==== Data extract ====

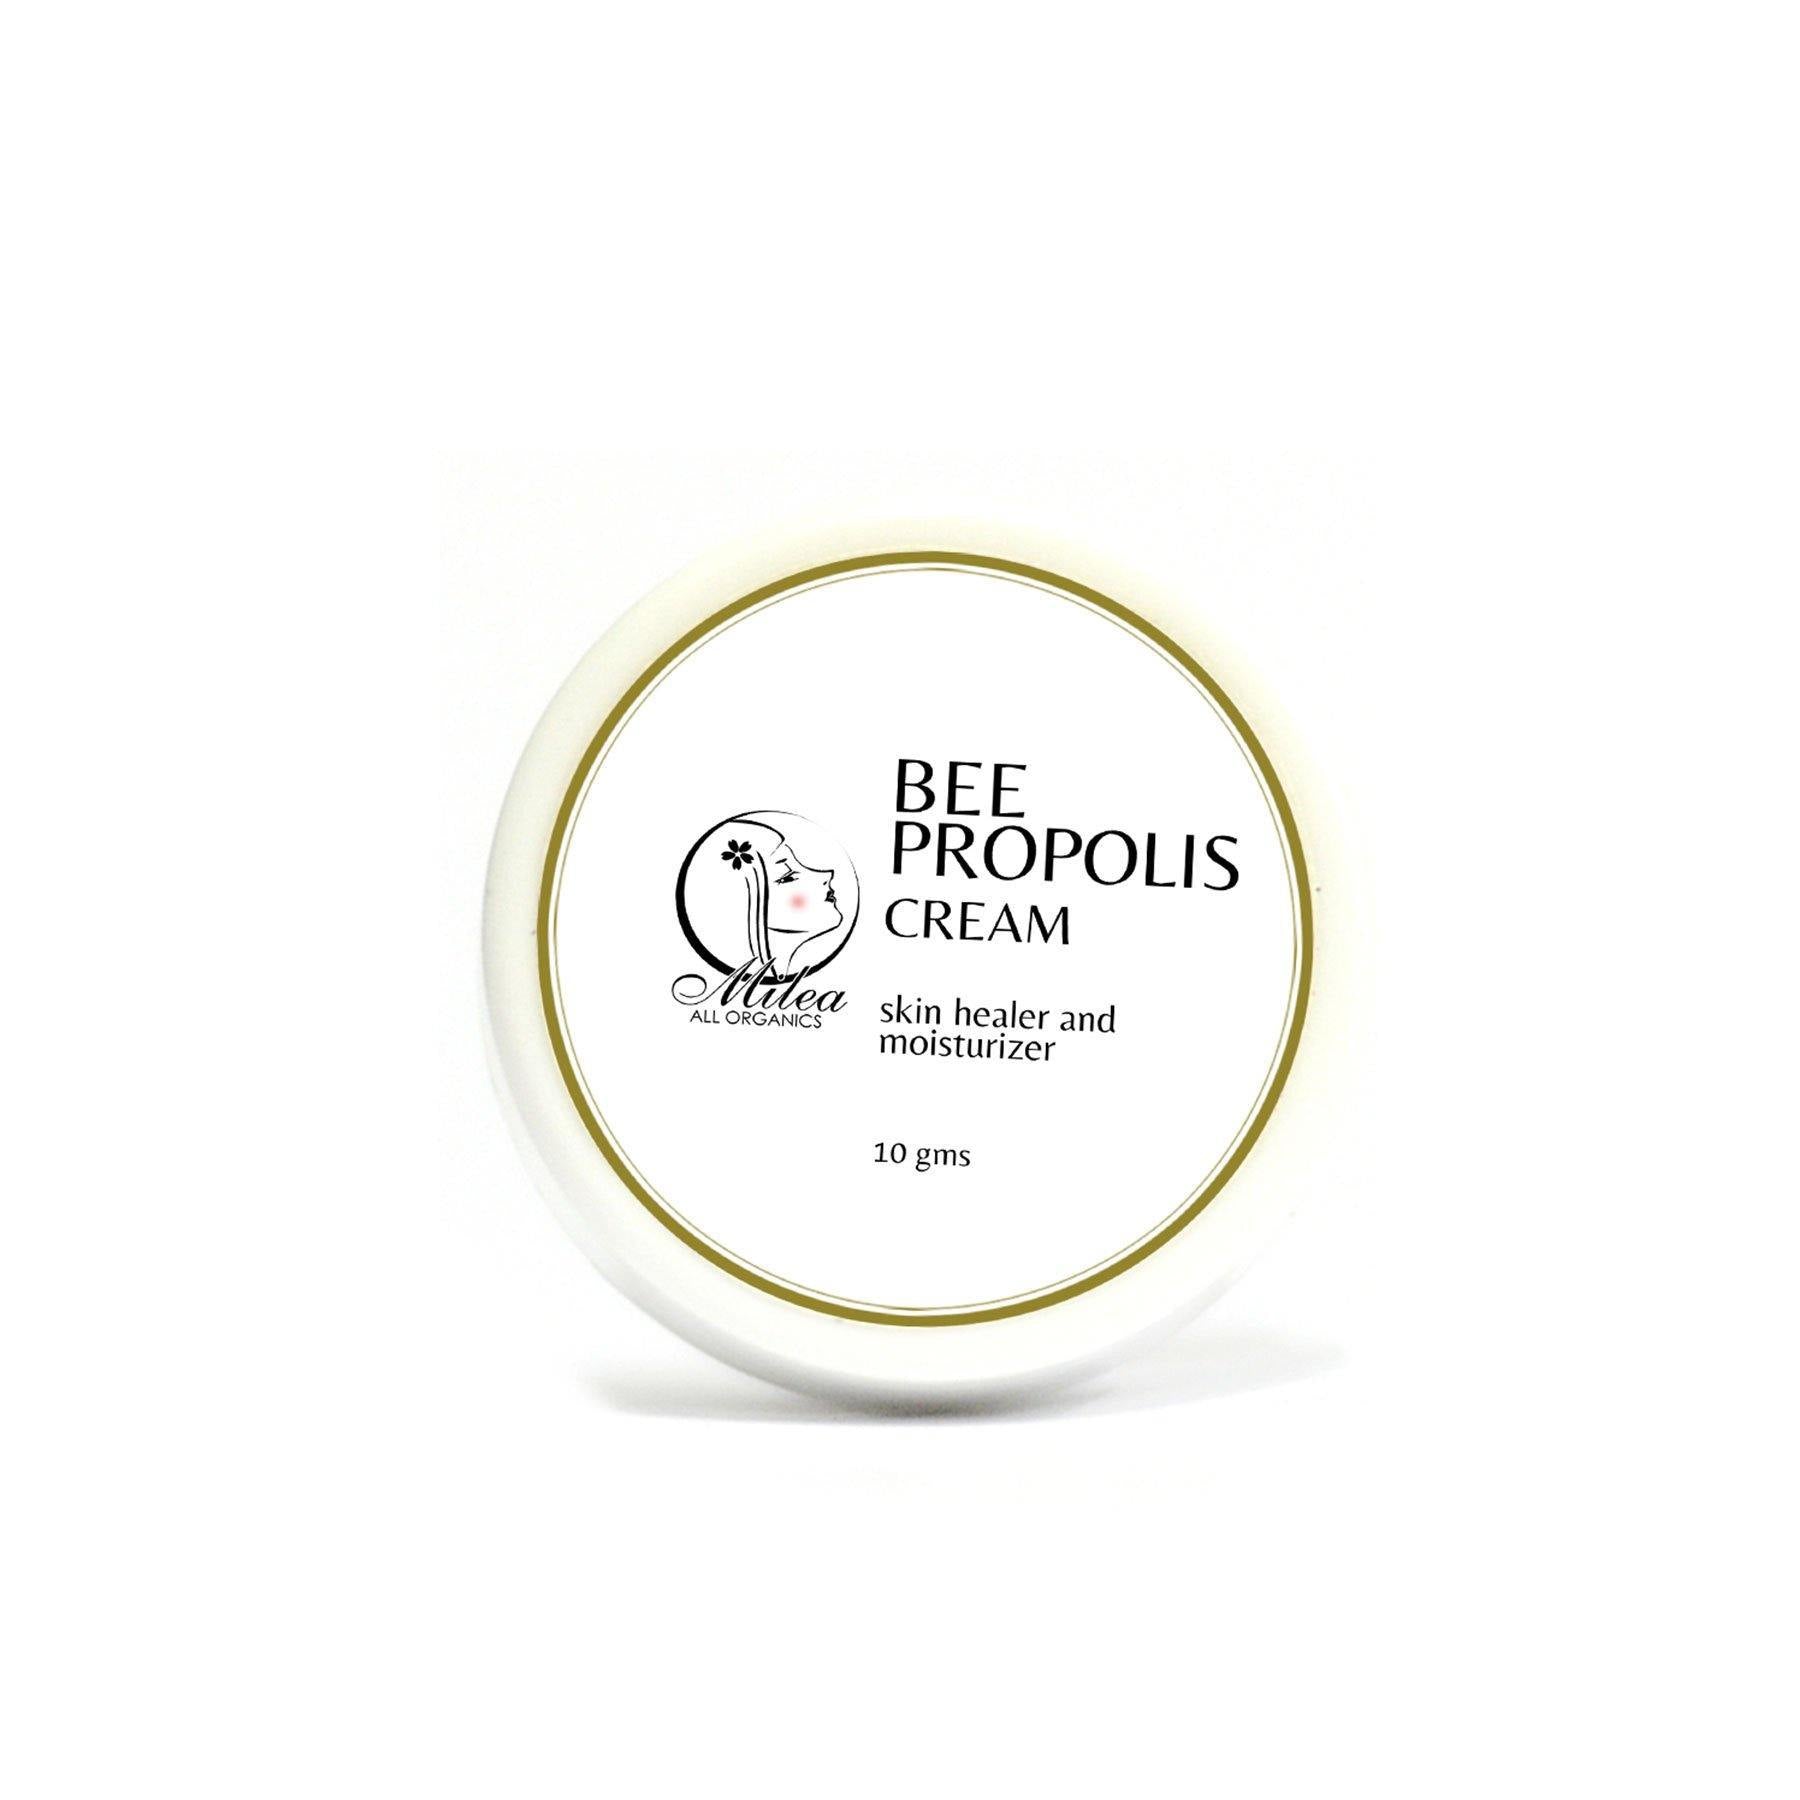 Bee Propolis Cream - Milea All Organics - Philippines
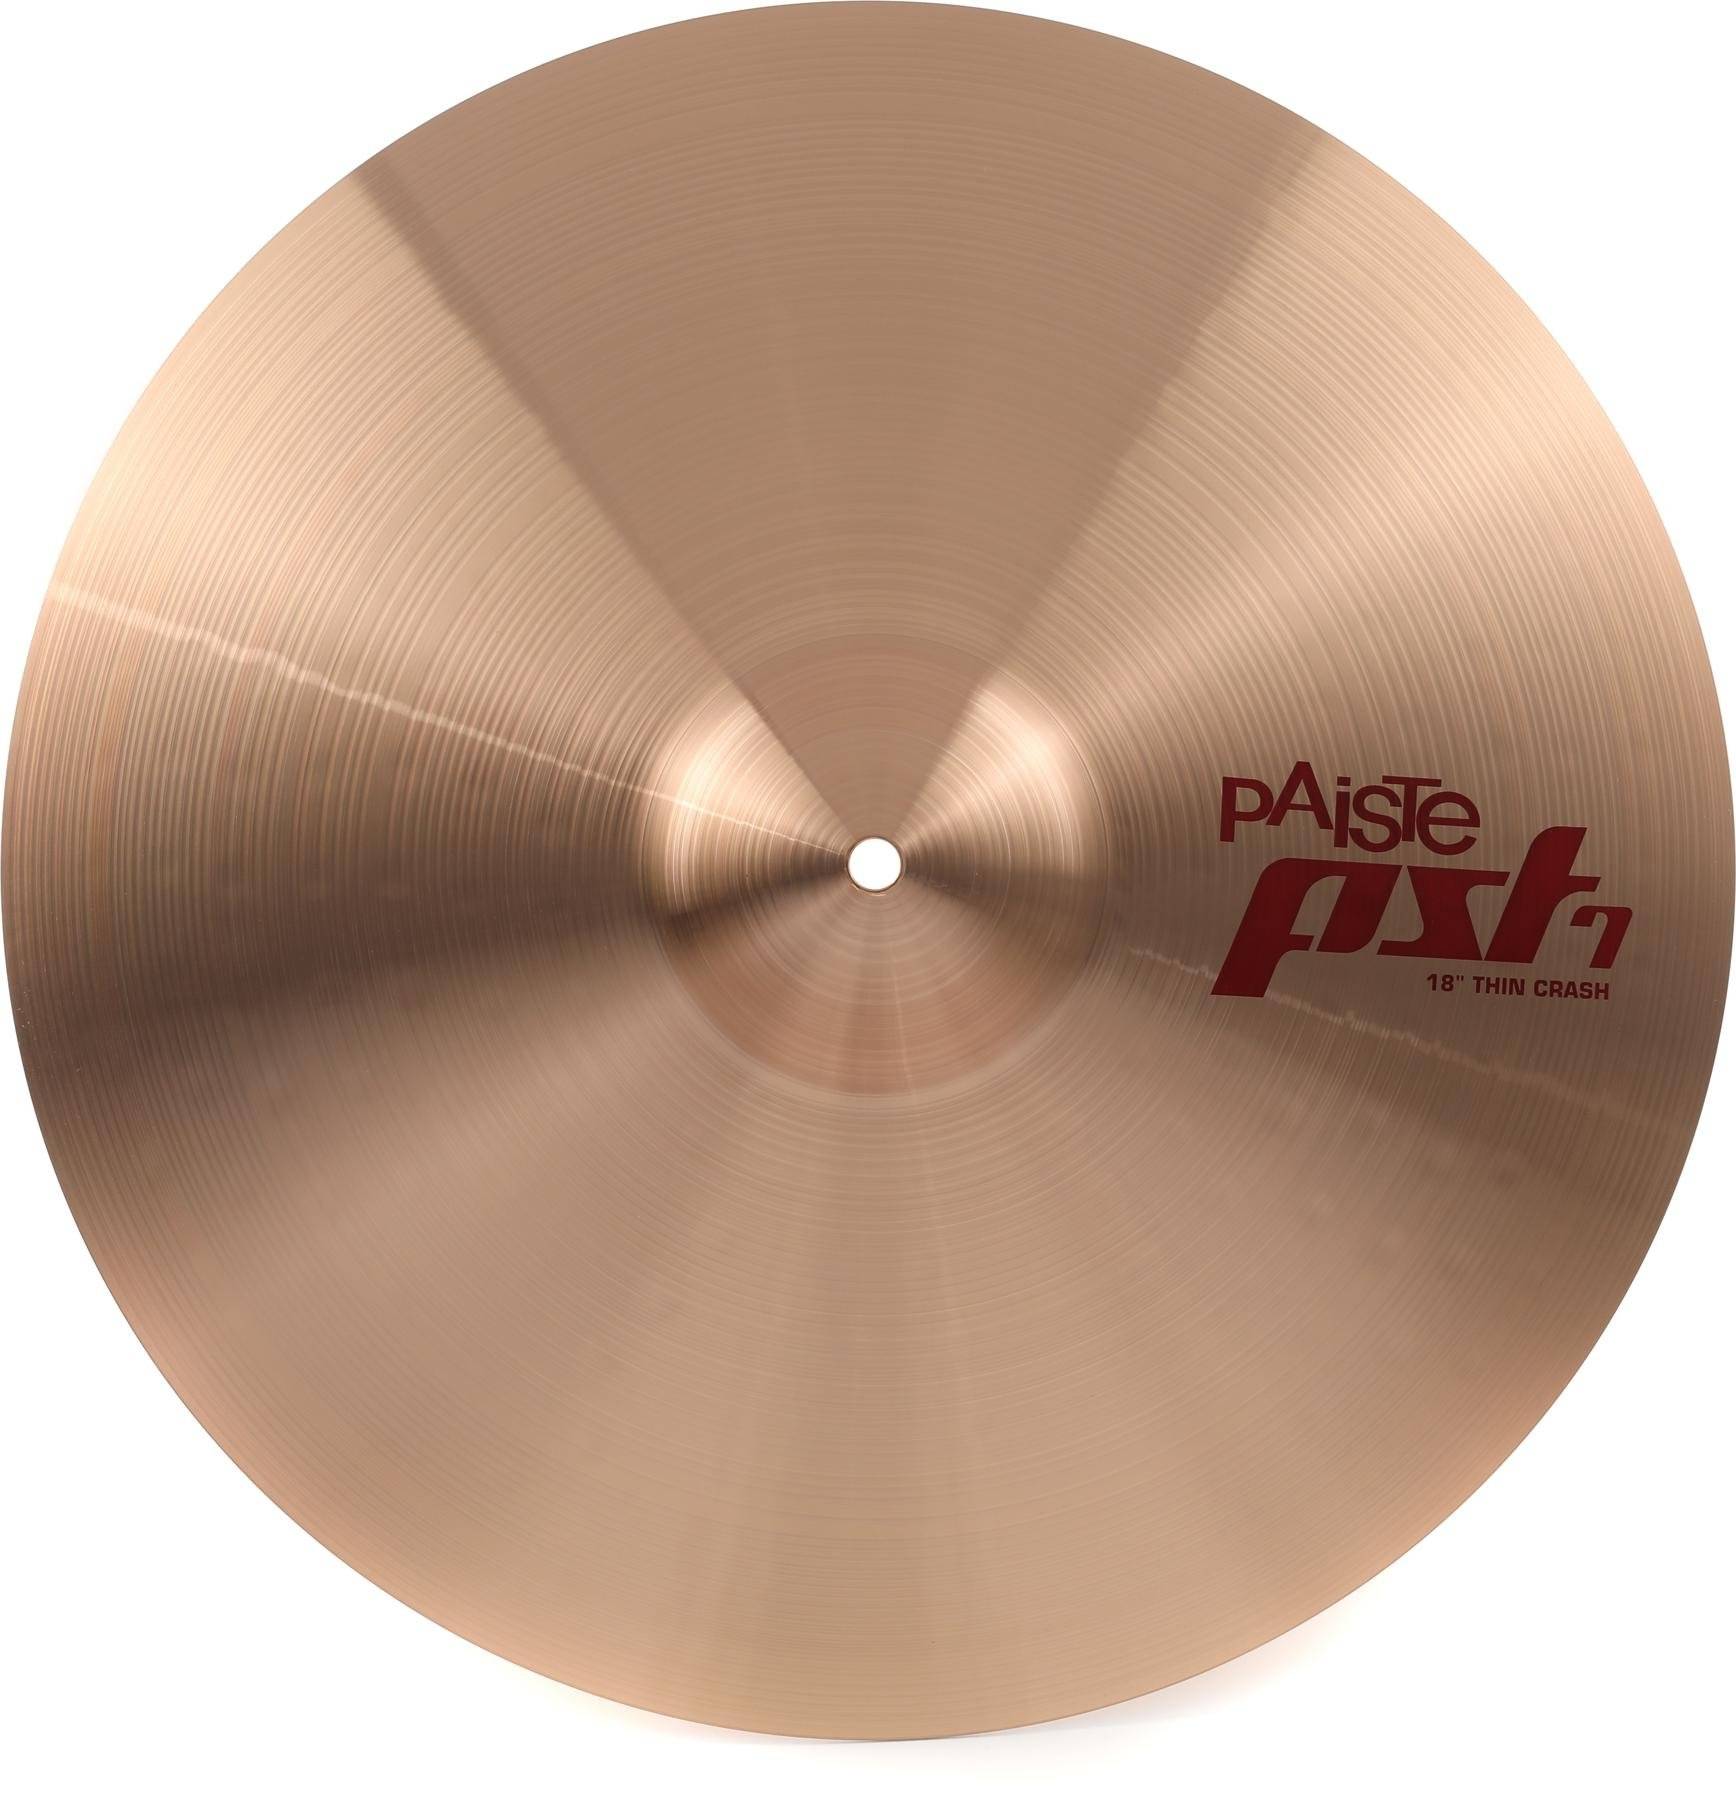 PAISTE PST 7 18" Thin Crash Cymbal
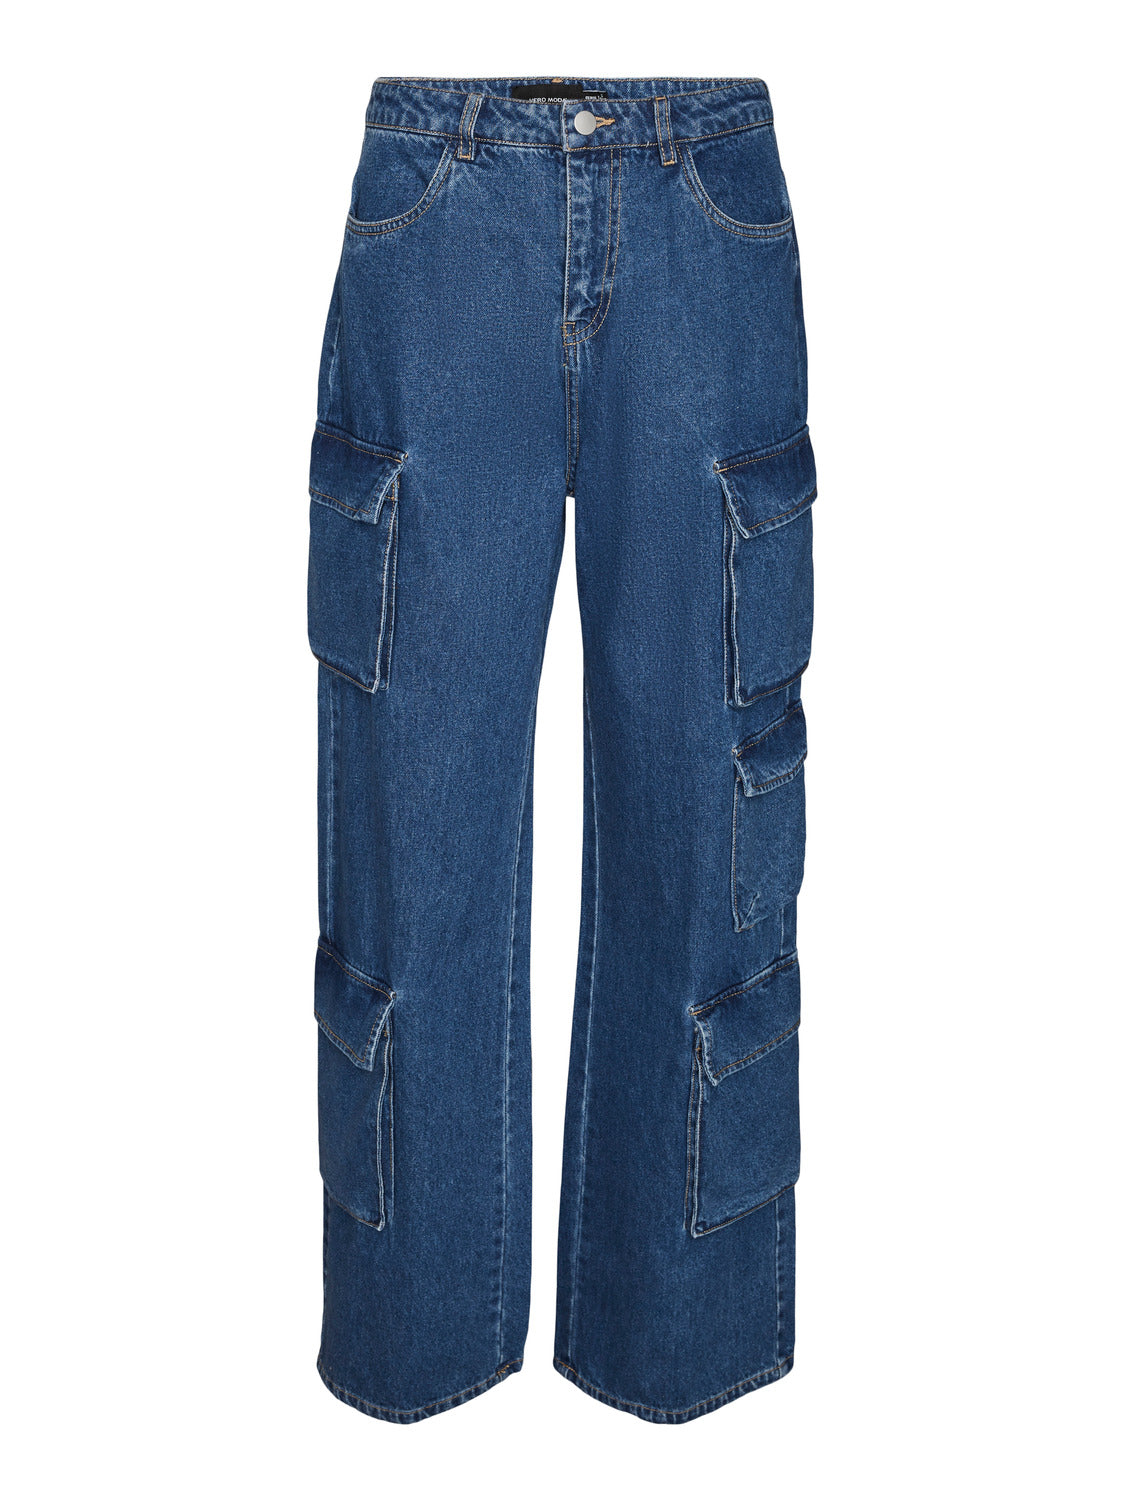 VMALEXA Jeans - Medium Blue Denim
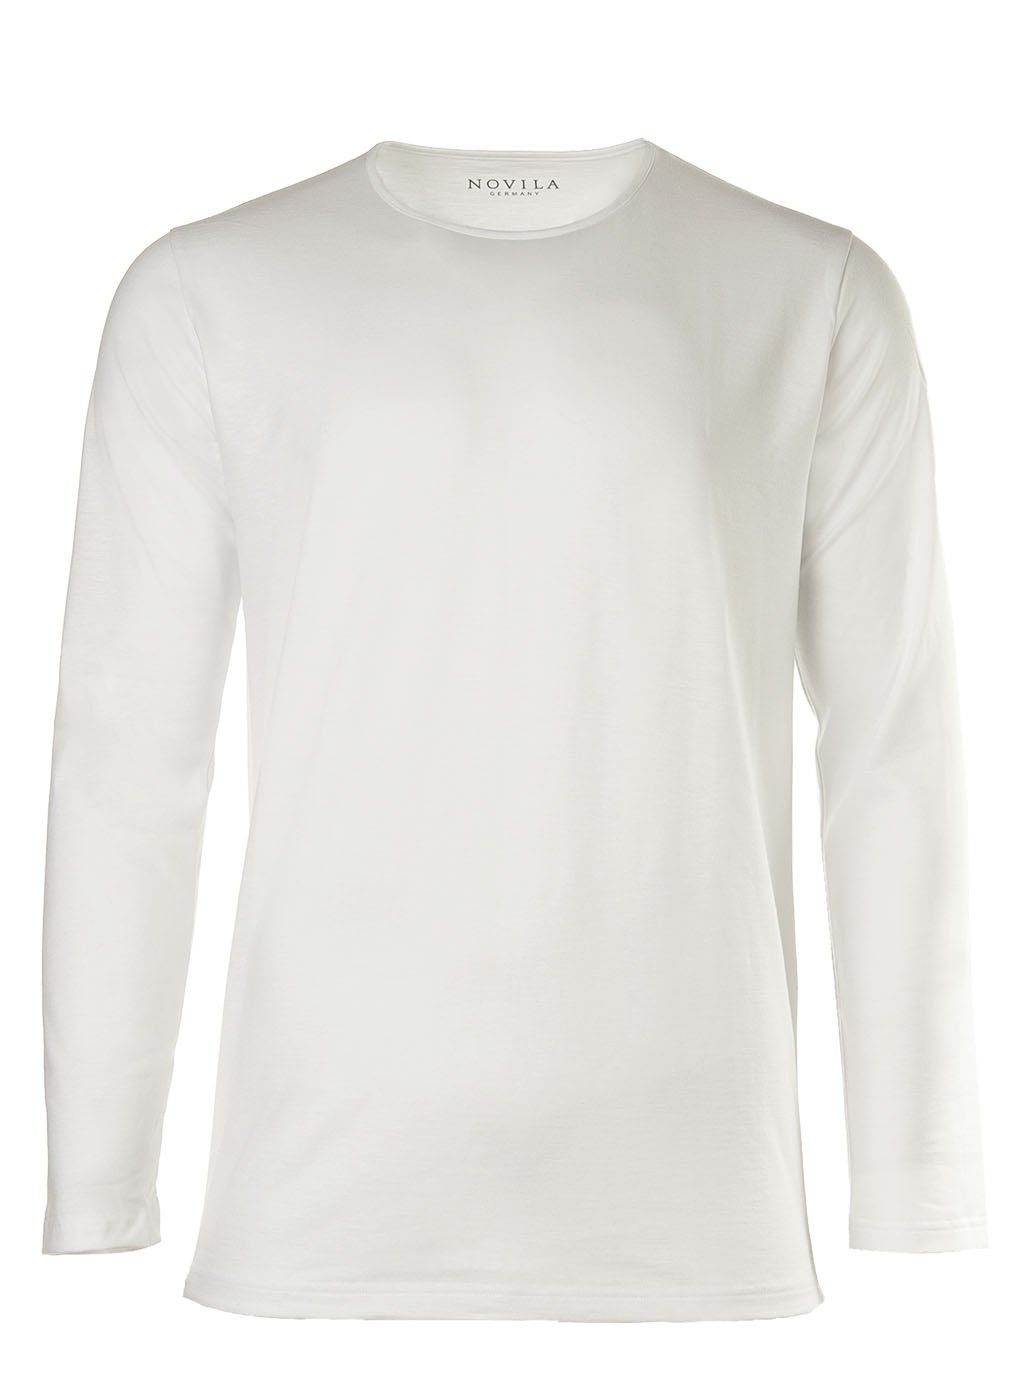 Novila Sweatshirt Herren Shirt, langarm - Loungewear, Rundhals, 1/1 Weiß

====

Print only the lines running from the line that contains "PAISTE PST 7" to the final line of the listing, both included. Omit every picture.

> _Solved exercise_
 PAISTE PST 7 18" Thin Crash Cymbal
 VMALEXA Jeans - Medium Blue Denim
 Novila Sweatshirt Herren Shirt, langarm - Loungewear, Rundhals, 1/1 Weiß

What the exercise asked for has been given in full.